The vote followed a bruising debate in the plenary during which legislators of major center-right and center-left groups all criticized European Commission President Ursula von der Leyen for making sure the money was approved just before Orbán unexpectedly and crucially abstained from the Ukraine vote at a summit in December.

The funds were only supposed to be released if Hungary had shown enough effort to force through some rule of law reforms on judicial independence and political interference, and during Wednesday's plenary, von der Leyen said that the country had pushed through measures to earn the release of funds.

She said the European Commission had no option but to approve the funds and strongly denied the two issues were linked.

“These are the rules we have all agreed to,” she said. “We will follow them. This is what makes the rule of law stand out from arbitrary power.

Many parliamentarians disagreed, however.
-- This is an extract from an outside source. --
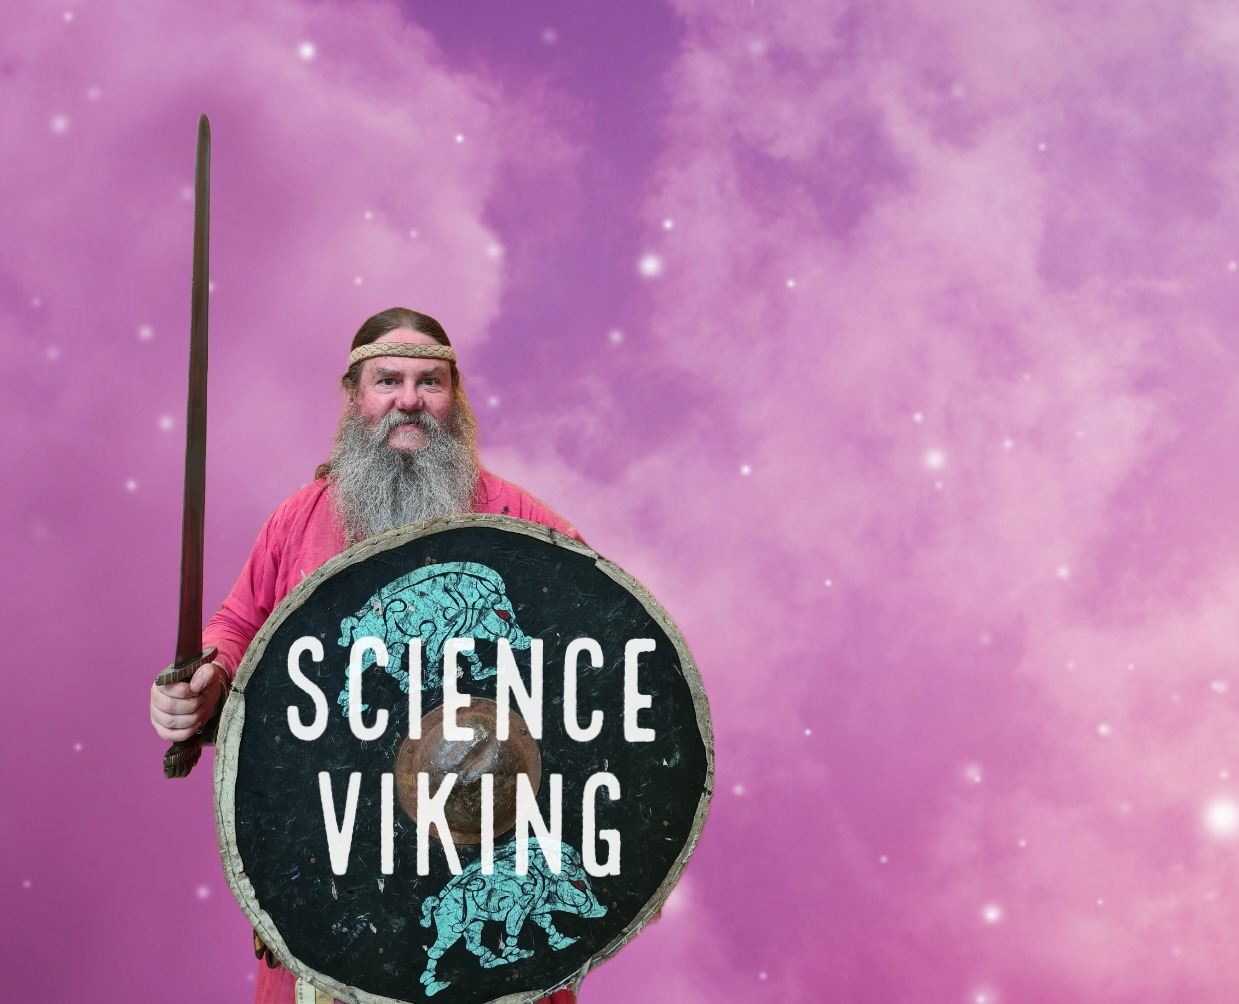 The Science Viking

“Once again the Parliament is having to step in," said parliamentary rapporteur Gwendoline Delbos-Corfield of the Greens group, complaining that the European Commission and the member states “seem happy to give a carte blanche to Viktor Orbán to continue his bullying tactics and attacks on the rule of law.”

The EU is still blocking around 20 billion euros (nearly $22 billion) in funds over similar rule of law concerns, and the parliament doesn't want to see them fall prey to political brinkmanship. On Feb. 1, EU leaders will have another summit, hoping to approve 50 billion euros (nearly $55 billion) in much-needed financial aid to Ukraine, which Orbán did block at the last summit in December.

It wasn't the first time Orbán had derailed EU plans to provide funding to Ukraine. The nationalist leader is widely considered to be Russian President Vladimir Putin’s closest ally in the EU, and has been accused by his critics of promoting Moscow’s interests over those of his EU and NATO allies.

Orbán has advocated for an immediate end to the fighting and pushed for peace talks between Moscow and Kyiv, though he hasn't detailed what such a step would entail for Ukraine’s territorial integrity.

Orbán has been at odds with his fellow EU leaders, top officials and legislators for years, ranging from fights over COVID-19 recovery money to his declining respect for the Western democratic principles that are the essence of the EU. Yet as the longest-serving EU leader, he knows the EU rules inside out and has been able to extract financial concessions time and again to shore up his struggling economy.